Water spikes my lashes, the tears turning my eyes into tiny reflecting pools, but it’s not at all because I’m sad. No way. With Noah grinning beside me, the song becomes a celebration instead of a memorial. A big, fat, neon-bright fuck you to the grief that’s been holding me down for so long.
He keeps passing me the imaginary mic—his fist—and we take turns trading lines. The whole time, he’s looking at me with such an open expression that tells me it’s okay to feel whatever I need to here.
Just let go.
When I croon the last line of the chorus, my voice cracking on the high notes, I don’t hold back.

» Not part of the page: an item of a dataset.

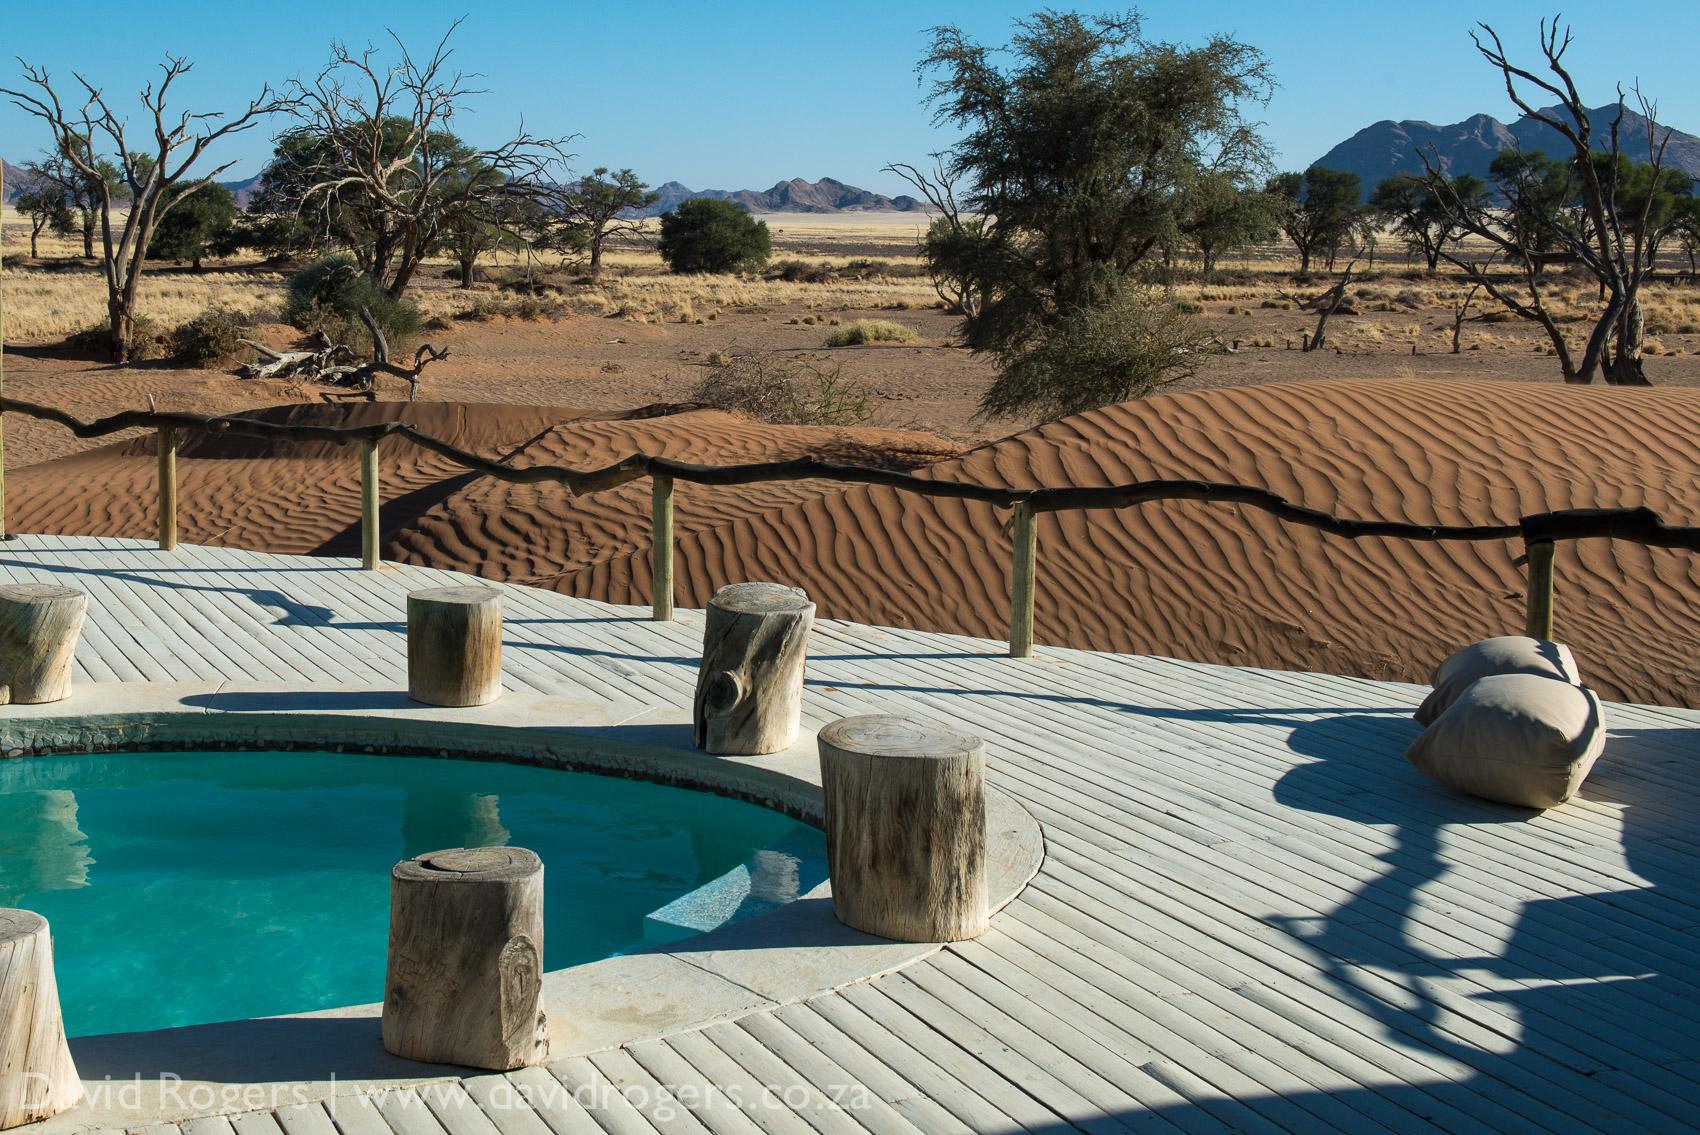 201211_Namibia_723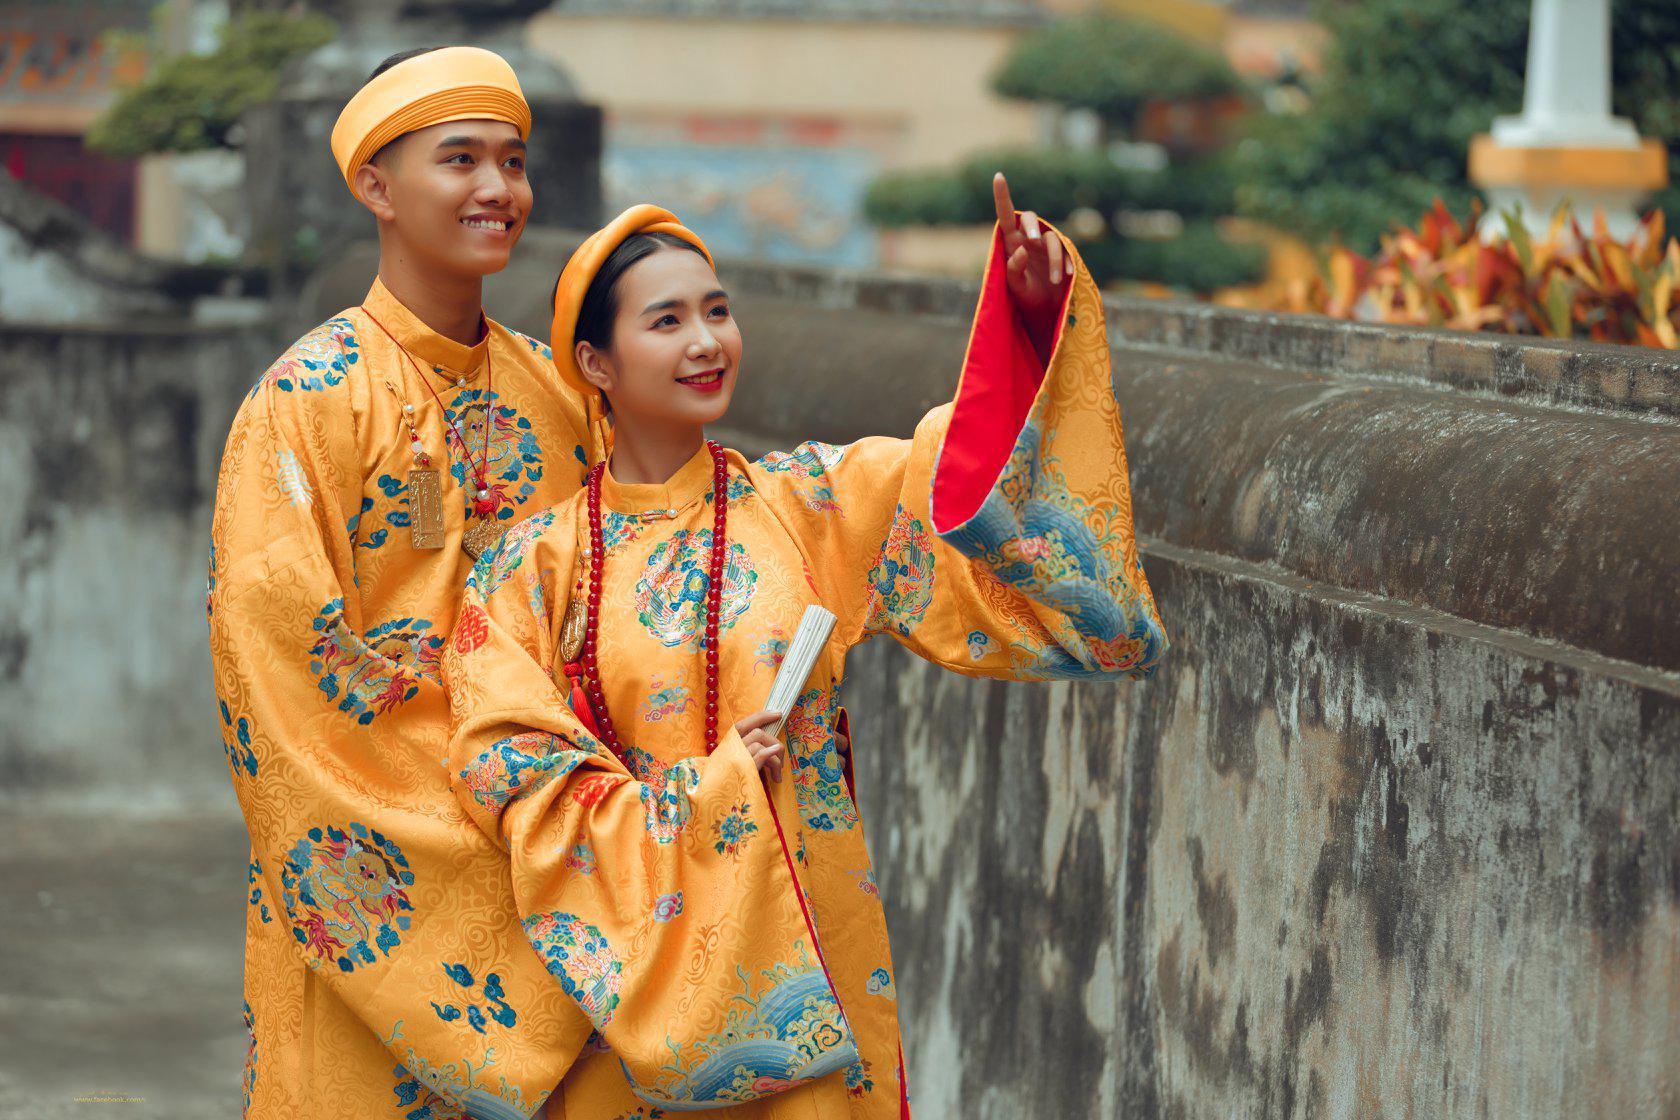 """Nhóm học sinh cấp 3 tìm về nét đẹp truyền thống, diện nguyên dàn cổ phục Việt chụp ảnh kỷ yếu, nhanh chóng thành tạo """"hot trend"""" trên mạng xã hội - Ảnh 20."""

All my emotions spill into those drawn out notes—the sadness, nostalgia, but also relief. A sonic cleansing of the soul that brings me down to my knees.
Well, as close to my knees as I can get while operating a vehicle.
It goes on and on until Noah breaks out an air guitar, and I, not one to be outdone, have to use the steering wheel as my drum set. Honestly, if we weren’t in a moving vehicle, I’m convinced Noah would be climbing up on the roof of the car and backflipping off it.
He’s definitely a born frontman, and it shows whenever he fully commits to the drama, throwing his head back as his voice bends to the high notes, and my ribs hurt from laughing so hard. I have to grip the wheel tight to keep the car straight as he gyrates and thrashes.
The song builds to its epic climax, and Noah smiles with his whole fucking face as he focuses on his voice, teeth flashing white in the dark. It lights him up and something wiggles deep in my stomach at the sight of his dark hair backlit by the street lamps, all of it blowing back from the wind as he tilts his head up to the roof.
There’s a new quality to his voice that I’ve never heard before, how he shapes the notes to sound so gentle. It’s in the softness of his nose, the line of his jaw, and the veins across his hands that look more spellbinding than ever.
His eyebrows pinch as he keeps his voice steady, and his tongue comes out to wet both of his lips that are drying out from the window. The harsher wind quickly whips his two curls against his eyelids, and I’m lost in the rise and fall of his chest, his smell traveling across the small space, his hand splayed against his thigh, and his energy radiant.
Beautiful.
He’s so fucking beautiful.
It’s right when he looks back at me and sings out the final notes, that the twisted up emotion inside me unwinds up from the bottom of my stomach, something like a parasite moving steadily higher into my neck, filling me up and tightening my throat. I swallow against it, and have to look away quickly, unless I want the feeling to flood over my head, drag me under, and make me drive off The Moonbridge.
For the rest of the ride home, The Plan is the last thing on my mind, because I was never supposed to fall in love with Noah Jackson.